When Bettina Scemama’s great aunt would visit her from Germany, she would bake apfelkuchen — a traditional apple cake with warm spices and a dense, buttery dough. Now, Scemama makes the same delicacy in her own bakery.
Inspired by her German heritage and love of pastries, Scemama launched Bettina’s Bakery, a new cafe in Newton Upper Falls that opened Oct. 5.
From schnitzel to streuselkuchen to German ham and cheese, Scemama said she is incorporating the flavors and memories of her youth into her kitchen.
“I’ve always wanted to have my own bakery, that’s been a long-term dream,” Scemama said. “Baking is this avenue of sharing something cultural and comforting, and I think there’s always going to be room for it.”
Scemama graduated from college with a psychology degree but said she soon realized her passion was baking. Since then, she has worked as a pastry chef for several decades, most recently at Haley House, a Boston-based bakery with an emphasis on community activism and empowerment. It was there she met Naun Rivera, who became her business partner at Bettina’s Bakery.

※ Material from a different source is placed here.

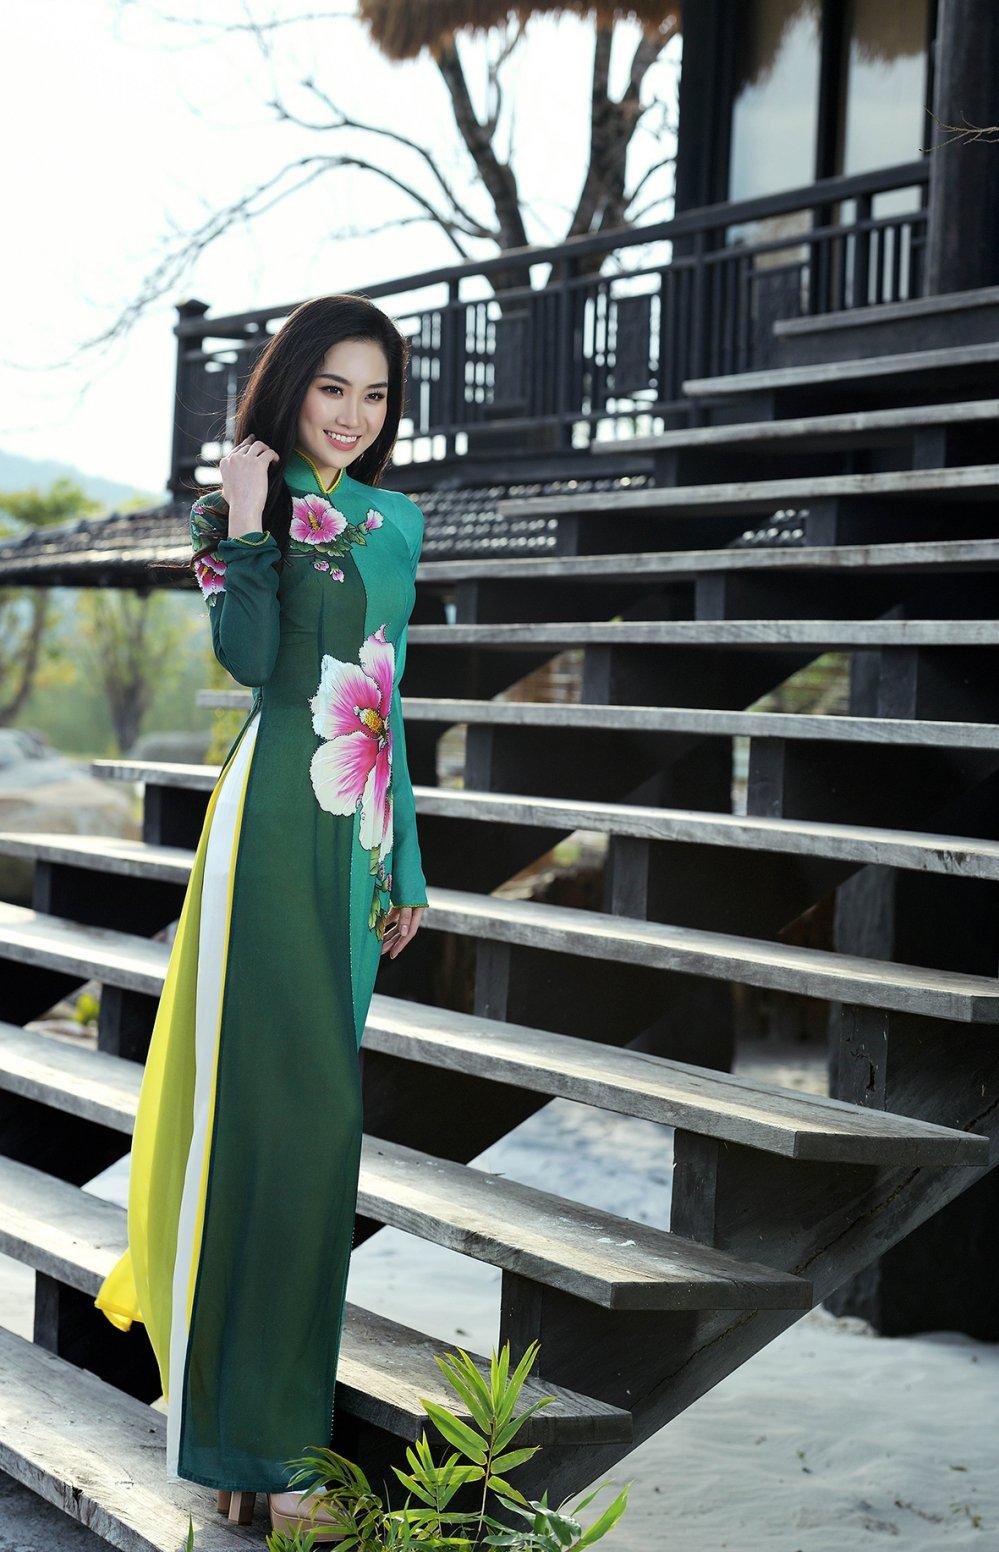 Le Hang dien ao dai khoe dang, tu tin do sac cung Lan Huong hinh anh 5
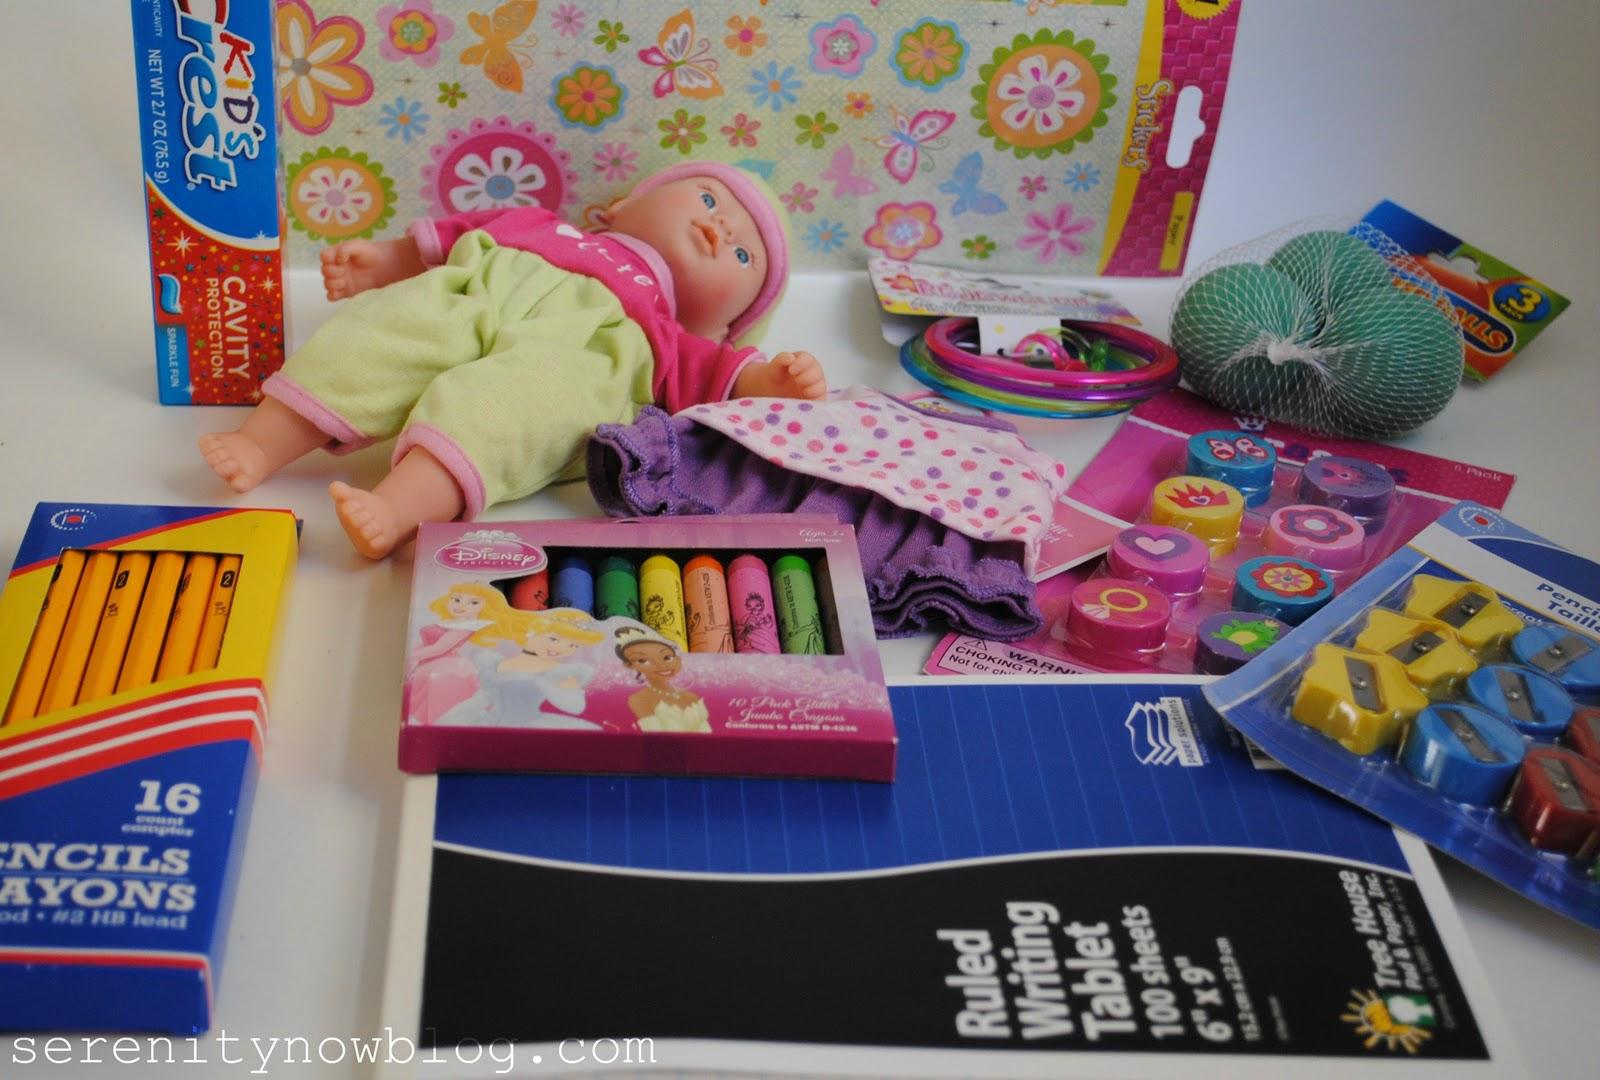 serenity now operation christmas child - Operation Christmas Child Ideas

The pair began looking for rental spaces in January and settled on 295 Elliot St., which was once the home of Bob’s Sub Stop, a hot and cold sandwich restaurant. They broke down the walls to reveal exposed brick, and Bettina’s Bakery opened its doors by early October.
Deciding to start her own business was “a now or not moment,” Scemama said.
“If I waited too long, I don’t know if I’d still have the energy and the drive to do it,” Scemama said. Like many people since the pandemic struck, she asked herself, “Okay, what do I really want to do with the rest of my life?”
Scemama said she and Rivera decided to set up shop in Upper Falls because of its suburban environment — she saw a need for breakfast and lunch restaurants in the area, especially as people continue to work from home through the pandemic.
Besides Bettina’s Bakery, more cafes are popping up across Newton — a Tatte Bakery and Cafe location opened in Newton Centre Oct. 27 and Flourhouse Bakery will open a retail space in Nonantum in the coming months.
Rivera, who manages production and the kitchen, supplies the second half of the Bettina’s Bakery menu: Latino pastries. Rivera, who immigrated from Honduras about 25 years ago, said his love of cakes encouraged him to become a pastry chef.
In joining forces with Scemama to create their own bakery, Rivera said they combined their “roots” from Germany and Honduras to create a personal menu reflecting the food they ate growing up.
One Honduran delicacy they serve at Bettina’s is concha, a brioche bread topped with cinnamon sugar and commonly served with a hot drink for breakfast or as a snack. While making the bread is “two-day’s work,” Rivera said it’s his favorite pastry to make — he’s doing what he loves, he said, so the somewhat complicated baking process never feels like a chore.
“You have to enjoy what you do,” Rivera said. “One day, I [baked] for the first time, and I said, ‘This is it, this is what I want to do, that’s what I want to be.’”
Besides concha, the bakery’s signature pastry, the menu features other Honduran cuisine, including a warm corn drink called atol de elote, refried beans and eggs over a soft flour tortilla known as baleada, Honduran chicken tacos, and a Honduran breakfast plate with sweet plantains, tortillas, eggs, queso duro, refried beans, and avocado.
Bettina’s Bakery is slowly building its customer base, Scemama said, and holiday treats such as Thanksgiving pies will soon be available.
Upper Falls is home to many families with children, Scemama said, so she decided to make the bakery completely nut-free from day one. Now, Scemama keeps Bettina’s open in the afternoon so kids getting off the school bus can pick up a pastry on their way home.
Doran Robinson, who lives around the corner from Bettina’s Bakery, said it is already “a regular stop” for him and his two children before and after school.
“I was a little nervous that it was just going to be baked goods and not sandwiches, because I felt like that wouldn’t necessarily be the best for my health,” Robinson said with a laugh. “But when I saw that there were some breakfast items and lunch items, I felt like it was a great addition to the neighborhood.”
Scemama said her family’s traditions and the community’s response keeps her in the kitchen.
“Baking just makes people happy,” Scemama said. “I think in many ways, it’s a tradition that we’re fighting to keep alive, to make stuff from scratch.”